▶ _SOURCE DATA_
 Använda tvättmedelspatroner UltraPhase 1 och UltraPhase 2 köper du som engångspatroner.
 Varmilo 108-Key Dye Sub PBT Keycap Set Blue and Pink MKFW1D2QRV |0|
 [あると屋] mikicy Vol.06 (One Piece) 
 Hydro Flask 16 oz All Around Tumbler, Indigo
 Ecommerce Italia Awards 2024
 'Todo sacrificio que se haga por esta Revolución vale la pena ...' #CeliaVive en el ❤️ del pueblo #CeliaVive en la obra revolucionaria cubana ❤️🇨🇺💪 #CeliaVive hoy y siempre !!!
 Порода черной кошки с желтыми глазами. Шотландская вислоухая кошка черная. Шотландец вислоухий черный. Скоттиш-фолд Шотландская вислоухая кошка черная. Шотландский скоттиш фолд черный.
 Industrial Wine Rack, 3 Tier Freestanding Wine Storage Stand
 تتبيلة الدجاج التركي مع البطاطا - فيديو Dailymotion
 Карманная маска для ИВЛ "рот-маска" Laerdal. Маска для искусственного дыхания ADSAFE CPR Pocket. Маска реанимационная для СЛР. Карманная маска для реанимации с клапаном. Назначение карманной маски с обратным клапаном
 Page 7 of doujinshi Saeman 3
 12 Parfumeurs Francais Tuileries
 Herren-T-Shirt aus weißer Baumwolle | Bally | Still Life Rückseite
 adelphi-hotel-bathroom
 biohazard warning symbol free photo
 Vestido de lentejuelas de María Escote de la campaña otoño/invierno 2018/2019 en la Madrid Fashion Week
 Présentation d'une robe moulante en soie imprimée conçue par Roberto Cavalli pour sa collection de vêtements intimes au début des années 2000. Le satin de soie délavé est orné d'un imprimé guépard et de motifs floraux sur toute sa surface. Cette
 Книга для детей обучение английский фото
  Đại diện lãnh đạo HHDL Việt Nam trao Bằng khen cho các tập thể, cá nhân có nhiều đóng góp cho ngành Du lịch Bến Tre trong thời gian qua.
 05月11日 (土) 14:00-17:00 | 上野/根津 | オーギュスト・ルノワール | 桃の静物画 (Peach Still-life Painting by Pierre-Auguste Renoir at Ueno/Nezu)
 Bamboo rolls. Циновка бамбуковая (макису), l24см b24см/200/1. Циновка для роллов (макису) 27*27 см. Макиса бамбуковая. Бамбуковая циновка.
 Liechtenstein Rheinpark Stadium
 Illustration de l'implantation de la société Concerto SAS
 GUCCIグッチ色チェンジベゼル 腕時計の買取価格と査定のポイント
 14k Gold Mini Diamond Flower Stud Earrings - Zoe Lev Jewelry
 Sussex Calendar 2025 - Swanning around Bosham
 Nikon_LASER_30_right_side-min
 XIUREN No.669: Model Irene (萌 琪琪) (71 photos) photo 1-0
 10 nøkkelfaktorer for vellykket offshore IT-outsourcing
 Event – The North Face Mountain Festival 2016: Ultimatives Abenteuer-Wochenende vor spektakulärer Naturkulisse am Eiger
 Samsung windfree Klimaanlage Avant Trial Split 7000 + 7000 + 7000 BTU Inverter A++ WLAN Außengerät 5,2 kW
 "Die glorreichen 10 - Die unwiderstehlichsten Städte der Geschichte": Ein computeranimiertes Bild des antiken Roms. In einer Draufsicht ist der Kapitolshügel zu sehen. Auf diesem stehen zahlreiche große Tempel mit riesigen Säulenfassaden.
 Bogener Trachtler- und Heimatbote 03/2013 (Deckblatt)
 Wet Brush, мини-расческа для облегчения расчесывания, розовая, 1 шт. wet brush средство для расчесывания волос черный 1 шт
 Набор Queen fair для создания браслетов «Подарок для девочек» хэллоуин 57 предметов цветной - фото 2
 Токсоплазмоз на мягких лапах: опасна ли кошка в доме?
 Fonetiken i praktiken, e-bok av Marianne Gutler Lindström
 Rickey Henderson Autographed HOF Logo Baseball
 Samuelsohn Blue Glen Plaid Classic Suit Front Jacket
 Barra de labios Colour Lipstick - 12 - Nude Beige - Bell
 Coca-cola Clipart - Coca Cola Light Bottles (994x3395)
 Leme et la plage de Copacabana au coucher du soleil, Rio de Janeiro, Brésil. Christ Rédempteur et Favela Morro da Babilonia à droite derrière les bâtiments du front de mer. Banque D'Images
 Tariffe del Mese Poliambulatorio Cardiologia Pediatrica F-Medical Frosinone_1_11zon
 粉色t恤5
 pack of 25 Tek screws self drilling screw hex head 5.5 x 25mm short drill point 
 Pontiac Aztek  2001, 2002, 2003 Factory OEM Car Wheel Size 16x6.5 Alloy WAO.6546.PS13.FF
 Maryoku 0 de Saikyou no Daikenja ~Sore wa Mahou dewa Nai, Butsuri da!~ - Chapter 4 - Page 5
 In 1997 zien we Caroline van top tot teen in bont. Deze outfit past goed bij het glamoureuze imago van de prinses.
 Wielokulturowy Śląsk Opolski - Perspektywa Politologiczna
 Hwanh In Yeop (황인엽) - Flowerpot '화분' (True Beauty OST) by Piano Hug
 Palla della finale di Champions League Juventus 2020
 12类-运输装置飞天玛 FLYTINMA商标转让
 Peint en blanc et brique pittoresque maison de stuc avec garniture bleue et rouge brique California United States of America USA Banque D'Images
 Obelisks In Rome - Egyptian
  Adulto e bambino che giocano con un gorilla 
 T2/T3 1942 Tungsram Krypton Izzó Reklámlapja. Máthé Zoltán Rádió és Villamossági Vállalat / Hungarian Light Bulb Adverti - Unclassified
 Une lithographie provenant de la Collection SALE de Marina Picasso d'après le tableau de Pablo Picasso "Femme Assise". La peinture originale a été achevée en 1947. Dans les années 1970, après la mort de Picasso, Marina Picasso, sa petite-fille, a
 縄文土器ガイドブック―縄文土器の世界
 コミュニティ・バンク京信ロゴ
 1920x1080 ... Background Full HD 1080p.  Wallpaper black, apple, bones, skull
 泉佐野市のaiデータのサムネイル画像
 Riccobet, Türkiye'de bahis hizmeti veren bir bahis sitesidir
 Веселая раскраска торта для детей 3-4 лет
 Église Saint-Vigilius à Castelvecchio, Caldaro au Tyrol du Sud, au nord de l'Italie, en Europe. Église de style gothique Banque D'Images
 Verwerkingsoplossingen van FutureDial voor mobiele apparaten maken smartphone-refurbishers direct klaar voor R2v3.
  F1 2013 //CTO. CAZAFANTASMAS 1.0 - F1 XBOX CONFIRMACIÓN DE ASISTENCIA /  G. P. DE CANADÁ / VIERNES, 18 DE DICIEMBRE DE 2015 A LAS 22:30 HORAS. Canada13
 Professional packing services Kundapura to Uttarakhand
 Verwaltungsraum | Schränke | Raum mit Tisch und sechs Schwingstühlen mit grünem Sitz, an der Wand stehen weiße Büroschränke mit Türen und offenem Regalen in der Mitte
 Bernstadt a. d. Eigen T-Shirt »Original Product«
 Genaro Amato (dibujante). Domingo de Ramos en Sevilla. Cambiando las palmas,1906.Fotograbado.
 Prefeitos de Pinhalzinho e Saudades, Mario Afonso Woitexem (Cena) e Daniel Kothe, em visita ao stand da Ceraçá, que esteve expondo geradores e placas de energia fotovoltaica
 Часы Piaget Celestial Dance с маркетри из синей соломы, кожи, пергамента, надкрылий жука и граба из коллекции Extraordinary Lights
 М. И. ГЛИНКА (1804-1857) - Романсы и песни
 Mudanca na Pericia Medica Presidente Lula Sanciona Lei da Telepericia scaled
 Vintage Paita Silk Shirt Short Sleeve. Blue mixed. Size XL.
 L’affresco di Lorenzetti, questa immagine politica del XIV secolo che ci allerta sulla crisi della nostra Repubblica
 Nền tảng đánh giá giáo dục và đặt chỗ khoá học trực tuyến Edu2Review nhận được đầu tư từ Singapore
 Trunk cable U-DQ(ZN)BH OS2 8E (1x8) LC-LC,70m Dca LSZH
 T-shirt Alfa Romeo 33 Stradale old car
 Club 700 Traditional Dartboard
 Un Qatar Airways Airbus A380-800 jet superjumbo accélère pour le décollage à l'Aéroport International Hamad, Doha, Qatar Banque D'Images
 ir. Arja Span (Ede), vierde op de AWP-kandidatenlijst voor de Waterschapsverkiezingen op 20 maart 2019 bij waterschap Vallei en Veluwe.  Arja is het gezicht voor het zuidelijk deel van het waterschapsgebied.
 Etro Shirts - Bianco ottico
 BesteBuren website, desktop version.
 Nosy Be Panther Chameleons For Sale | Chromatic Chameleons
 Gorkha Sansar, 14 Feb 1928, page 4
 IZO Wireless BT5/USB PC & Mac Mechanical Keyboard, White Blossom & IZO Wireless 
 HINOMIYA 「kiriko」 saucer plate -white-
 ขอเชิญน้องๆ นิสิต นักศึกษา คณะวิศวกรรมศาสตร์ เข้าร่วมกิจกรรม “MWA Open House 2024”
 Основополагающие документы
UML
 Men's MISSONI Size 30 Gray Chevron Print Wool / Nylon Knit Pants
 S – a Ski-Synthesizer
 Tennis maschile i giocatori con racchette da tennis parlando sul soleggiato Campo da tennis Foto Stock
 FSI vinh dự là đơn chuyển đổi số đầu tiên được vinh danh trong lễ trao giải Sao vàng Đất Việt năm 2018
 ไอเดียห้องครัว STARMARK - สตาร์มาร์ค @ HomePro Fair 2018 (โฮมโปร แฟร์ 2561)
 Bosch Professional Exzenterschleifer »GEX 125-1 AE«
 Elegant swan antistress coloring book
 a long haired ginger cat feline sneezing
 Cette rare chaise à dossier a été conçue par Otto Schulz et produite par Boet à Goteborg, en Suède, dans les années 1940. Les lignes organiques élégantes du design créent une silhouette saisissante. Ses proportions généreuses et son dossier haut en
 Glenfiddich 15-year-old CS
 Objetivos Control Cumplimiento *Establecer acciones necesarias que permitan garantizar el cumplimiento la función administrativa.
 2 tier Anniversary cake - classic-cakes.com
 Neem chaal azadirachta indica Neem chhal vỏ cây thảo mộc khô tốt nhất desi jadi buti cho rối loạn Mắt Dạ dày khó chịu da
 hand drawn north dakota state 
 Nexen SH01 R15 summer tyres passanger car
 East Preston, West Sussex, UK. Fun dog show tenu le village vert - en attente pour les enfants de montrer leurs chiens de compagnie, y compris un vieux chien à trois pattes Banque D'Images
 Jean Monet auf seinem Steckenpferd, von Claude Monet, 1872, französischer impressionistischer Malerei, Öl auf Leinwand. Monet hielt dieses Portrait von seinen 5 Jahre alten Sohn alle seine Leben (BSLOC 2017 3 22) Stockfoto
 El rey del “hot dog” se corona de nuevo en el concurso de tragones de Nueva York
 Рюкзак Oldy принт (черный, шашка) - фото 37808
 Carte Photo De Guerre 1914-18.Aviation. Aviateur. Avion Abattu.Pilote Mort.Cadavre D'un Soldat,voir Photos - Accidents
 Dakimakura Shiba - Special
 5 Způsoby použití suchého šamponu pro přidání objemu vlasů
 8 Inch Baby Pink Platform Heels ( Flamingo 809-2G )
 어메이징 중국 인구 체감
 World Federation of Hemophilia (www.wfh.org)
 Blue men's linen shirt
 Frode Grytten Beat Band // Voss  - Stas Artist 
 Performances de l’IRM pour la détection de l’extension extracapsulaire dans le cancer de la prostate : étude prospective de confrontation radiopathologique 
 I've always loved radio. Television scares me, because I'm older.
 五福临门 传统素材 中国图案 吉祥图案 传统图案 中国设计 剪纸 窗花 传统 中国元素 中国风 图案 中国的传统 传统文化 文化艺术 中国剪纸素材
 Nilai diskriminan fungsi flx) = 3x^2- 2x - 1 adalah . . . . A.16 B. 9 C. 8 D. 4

▶ _EXERCISE REQUIREMENTS_
Starting from the data above, filter for lines with "voor" and copy each one.

▶ _RESULT BELOW_
 Verwerkingsoplossingen van FutureDial voor mobiele apparaten maken smartphone-refurbishers direct klaar voor R2v3.
 ir. Arja Span (Ede), vierde op de AWP-kandidatenlijst voor de Waterschapsverkiezingen op 20 maart 2019 bij waterschap Vallei en Veluwe.  Arja is het gezicht voor het zuidelijk deel van het waterschapsgebied.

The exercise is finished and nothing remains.